Attack Configuration isn't an executor — it's the cross-cutting inputs every attack accepts (objective vs. adversarial target, prepended conversations, multimodal seeds, next-turn messages, memory labels). It has its own page.

The shape of an attack

Attacks — the most common executors — share a 4-component shape:

flowchart LR
    A(["Attack Strategy"])
    A --consumes--> B(["Attack Context <br>(objective, labels, prepended conversation)"])
    A --configured by--> D(["Attack Configurations <br>(Adversarial, Scoring, Converter)"])
    A --produces--> C(["Attack Result"])

To run one:

  1. Initialize a strategy with optional configurations (converters, scorers, adversarial target).
  2. Call execute_async(...) with an objective (and optional prepended conversation / next message).
  3. Receive an AttackResult describing what happened and whether the objective was met.
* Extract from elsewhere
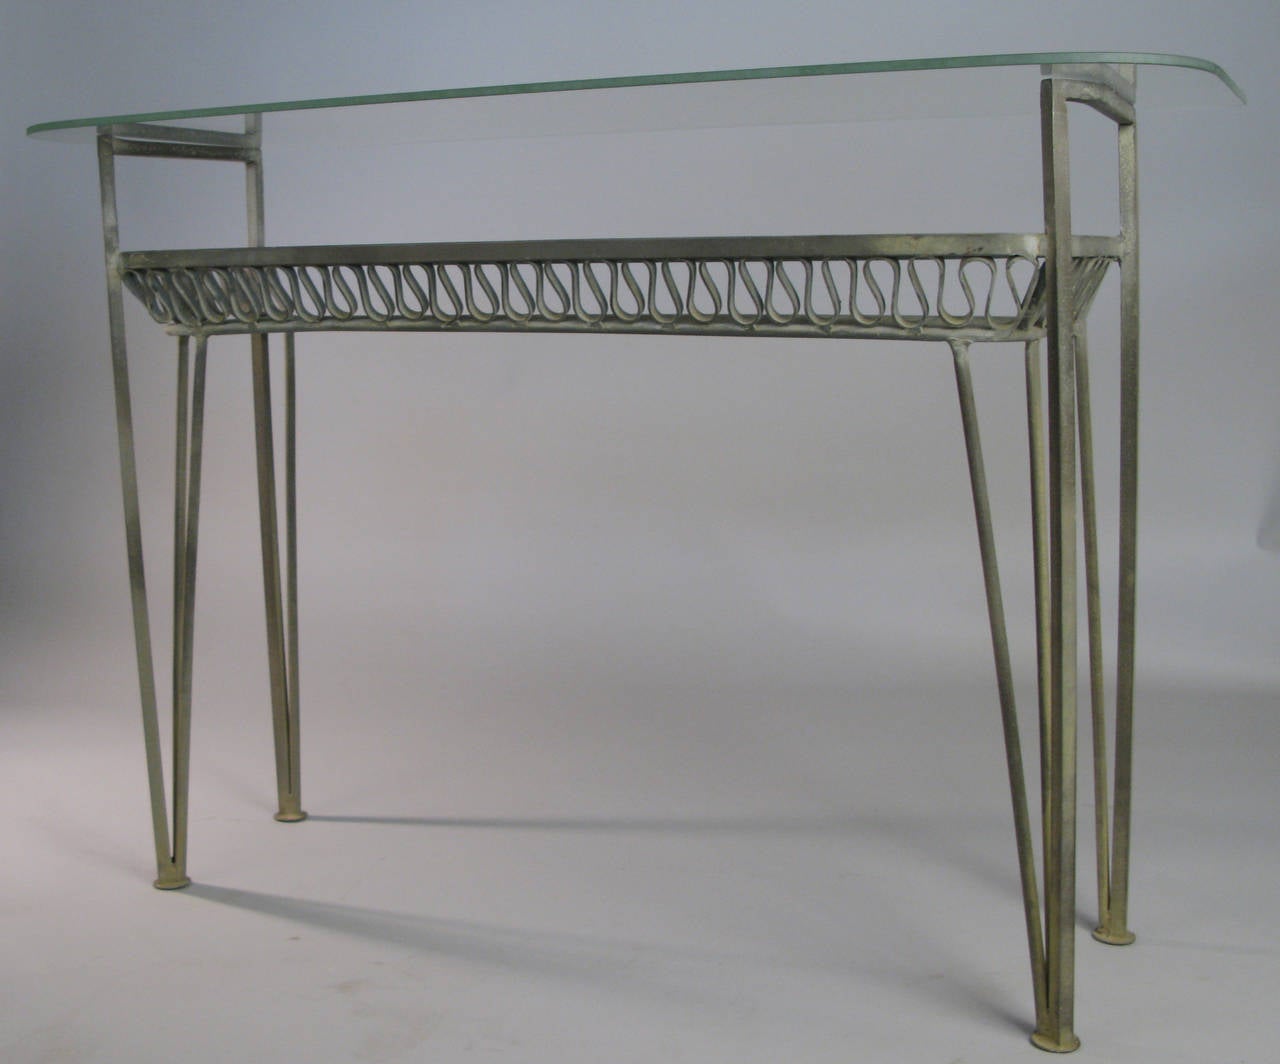 A rare 1950s wrought iron double shelf console table designed by Maurizio Tempestini for Salterini, with two long glass shelves and Tempestini's signature iron ribbon design under the lower shelf. Wonderful original patina.

The context is created for you from the execute_async arguments — you rarely build one by hand. See Attack Configuration for what you can put in the context and configs (prepended conversations, multimodal seeds, next-turn messages, memory labels).
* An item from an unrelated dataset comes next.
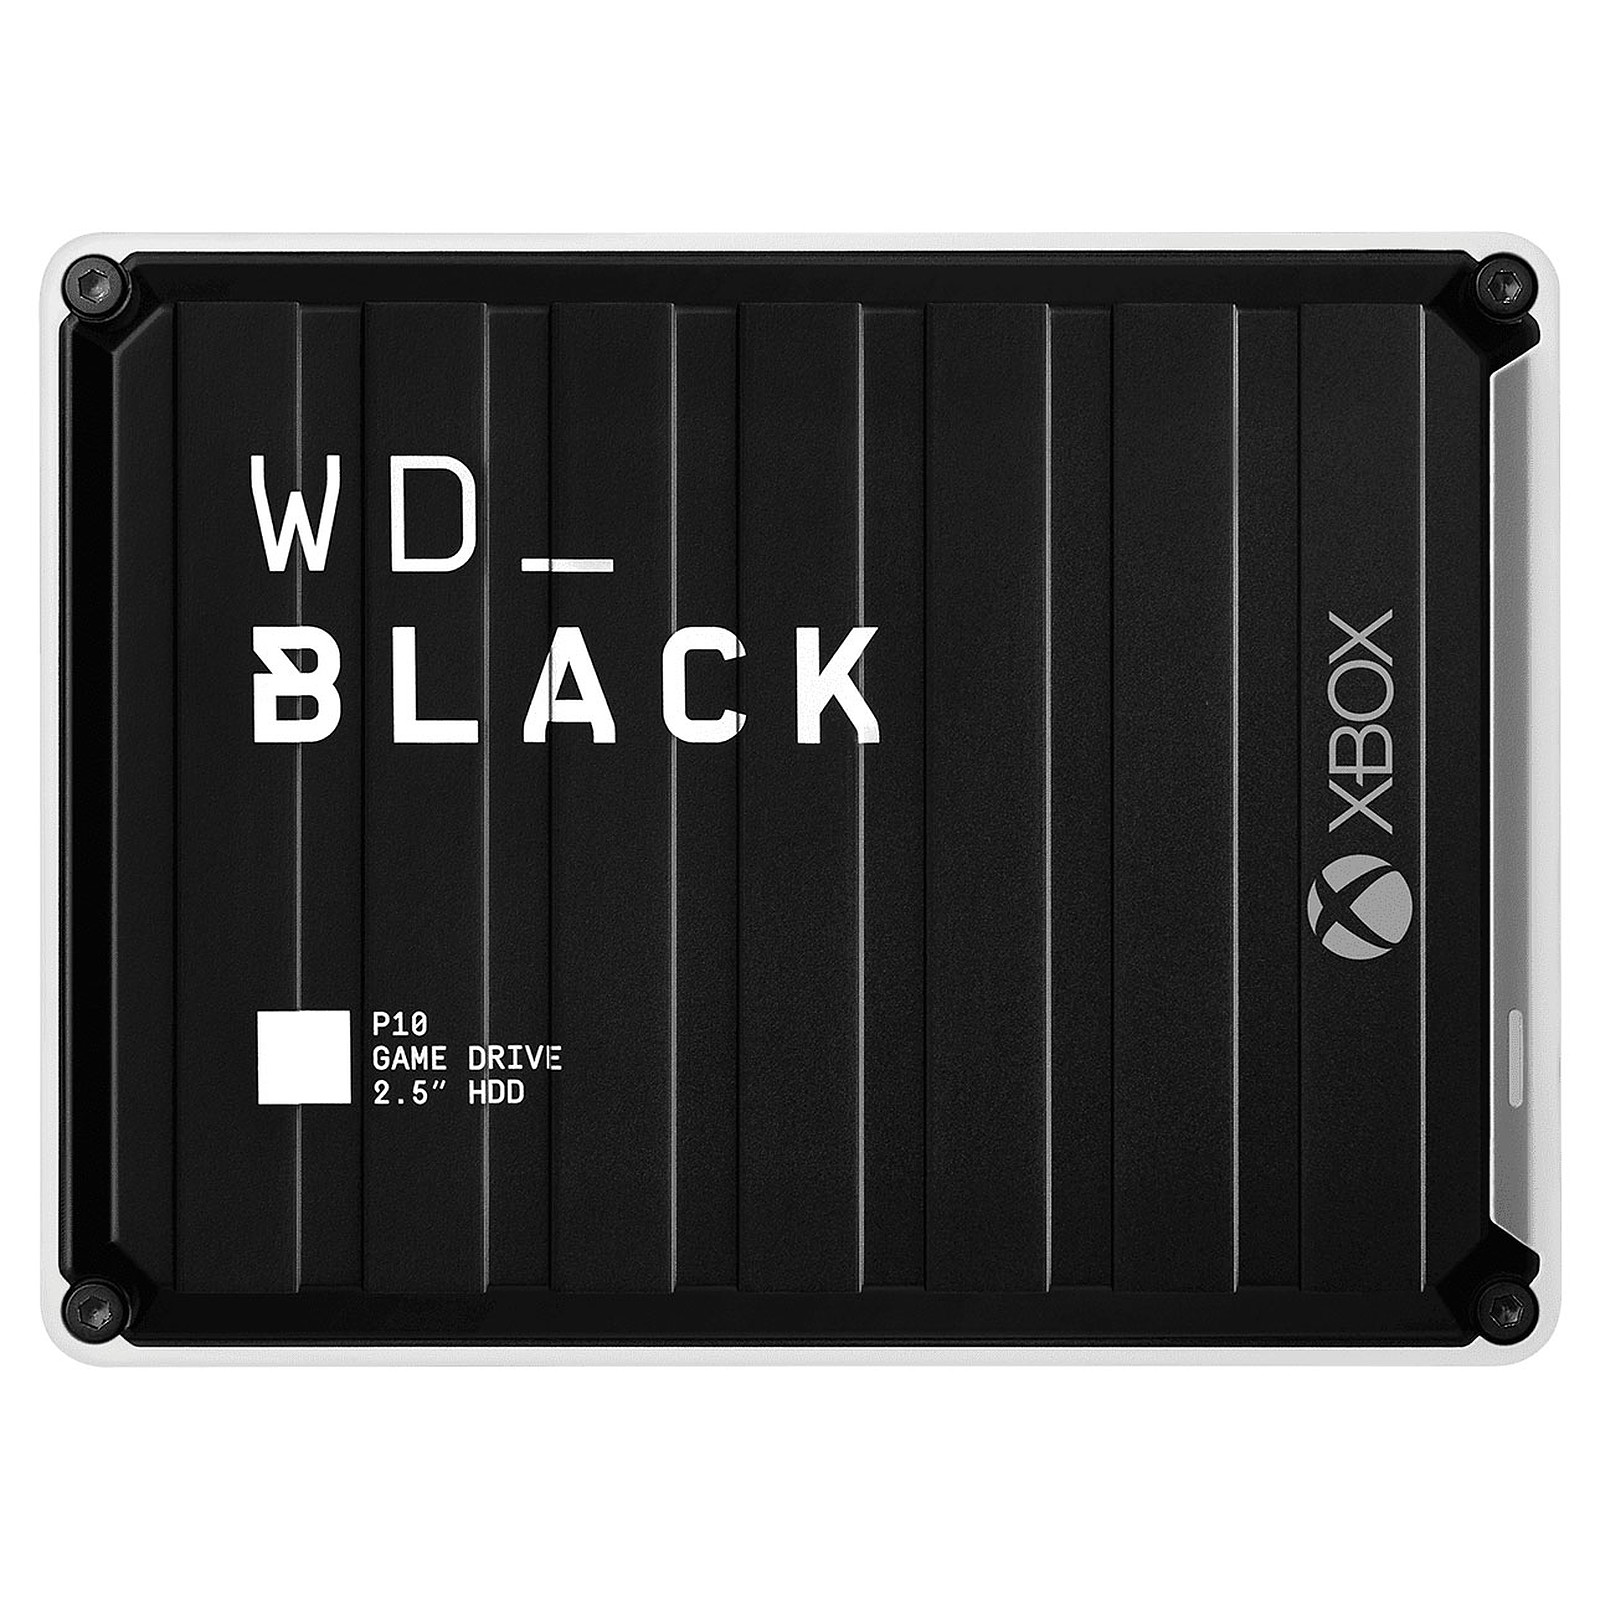 WD_Black P10 Game Drive for Xbox One 5 To - Disque dur externe WD_Black

The category pages above each walk through their executors with short runnable examples.

When do you actually need a new executor class?

Most of an executor's behavior comes from its configuration and data, not from new code. So before writing a new executor class, ask whether the algorithm is genuinely new — or whether an existing executor with different primitives would do.

For attacks specifically, the durable value of a new class is adaptive decision-making: branching and backtracking based on the objective target's feedback, like searching a graph for a path that works. Crescendo and TAP are the clearest examples — and you can reshape them substantially just by swapping their primitives (system prompt, converters, scorers, prepended/simulated conversations) rather than writing a new class.

A lot of what looks like a distinct executor isn't a new algorithm at all:

  • Pure prompt transformations — obfuscating, or deconstructing-and-reconstructing a prompt — are better expressed as converters than as attack classes.
  • Fixed framings — a role-play wrapper, a primed Q&A history — are really a prepended conversation plus seeds, i.e. an attack technique over an existing attack like PromptSendingAttack.
  • New datasets or criteria — a different benchmark question set or a different scorer is data and configuration for an existing executor, not a new class.

Several of the single-turn attacks in this section predate this guidance and remain as classes for compatibility. When you are building something new, prefer configuration, a converter, or a technique — reach for a new executor class only when you genuinely need a new algorithm (most often a feedback-driven loop).